*Provided data:*
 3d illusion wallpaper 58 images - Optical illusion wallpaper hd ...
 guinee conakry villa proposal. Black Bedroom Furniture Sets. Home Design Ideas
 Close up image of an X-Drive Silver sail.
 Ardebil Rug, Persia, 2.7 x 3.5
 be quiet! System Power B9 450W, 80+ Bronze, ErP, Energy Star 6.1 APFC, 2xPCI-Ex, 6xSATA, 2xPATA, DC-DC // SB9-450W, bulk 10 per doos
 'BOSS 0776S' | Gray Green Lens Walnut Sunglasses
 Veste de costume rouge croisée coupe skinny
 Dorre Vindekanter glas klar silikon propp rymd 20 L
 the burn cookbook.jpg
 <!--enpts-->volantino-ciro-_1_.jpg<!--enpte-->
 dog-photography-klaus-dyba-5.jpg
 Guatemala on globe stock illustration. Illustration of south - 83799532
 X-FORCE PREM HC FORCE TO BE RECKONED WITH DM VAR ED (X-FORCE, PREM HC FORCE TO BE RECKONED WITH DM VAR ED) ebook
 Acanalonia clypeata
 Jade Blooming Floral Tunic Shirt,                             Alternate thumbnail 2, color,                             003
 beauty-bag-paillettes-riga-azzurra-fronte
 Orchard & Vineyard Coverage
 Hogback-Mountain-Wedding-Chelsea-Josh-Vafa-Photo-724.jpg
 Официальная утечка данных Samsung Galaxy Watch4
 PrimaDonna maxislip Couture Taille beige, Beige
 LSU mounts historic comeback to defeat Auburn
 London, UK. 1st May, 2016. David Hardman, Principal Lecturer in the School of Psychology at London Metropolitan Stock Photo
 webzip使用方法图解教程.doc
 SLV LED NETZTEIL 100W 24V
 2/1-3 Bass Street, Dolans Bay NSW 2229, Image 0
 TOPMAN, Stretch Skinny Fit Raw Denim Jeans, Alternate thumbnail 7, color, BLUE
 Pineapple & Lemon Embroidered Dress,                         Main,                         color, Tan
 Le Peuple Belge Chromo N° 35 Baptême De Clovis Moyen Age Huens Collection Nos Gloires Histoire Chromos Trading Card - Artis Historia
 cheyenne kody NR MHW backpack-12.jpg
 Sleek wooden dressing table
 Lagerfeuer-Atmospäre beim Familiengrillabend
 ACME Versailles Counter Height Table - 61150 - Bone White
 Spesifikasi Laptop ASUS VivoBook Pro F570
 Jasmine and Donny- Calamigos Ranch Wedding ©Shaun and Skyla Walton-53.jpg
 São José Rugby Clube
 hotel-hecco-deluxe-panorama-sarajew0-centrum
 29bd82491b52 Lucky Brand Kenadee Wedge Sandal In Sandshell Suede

*Task objective:* For this exercise, output exactly the lines above from the line with "webzip使用方法图解教程.doc" to the line with "Pineapple & Lemon", counting both, and leave out the rest.

*Solution to the problem:*
 webzip使用方法图解教程.doc
 SLV LED NETZTEIL 100W 24V
 2/1-3 Bass Street, Dolans Bay NSW 2229, Image 0
 TOPMAN, Stretch Skinny Fit Raw Denim Jeans, Alternate thumbnail 7, color, BLUE
 Pineapple & Lemon Embroidered Dress,                         Main,                         color, Tan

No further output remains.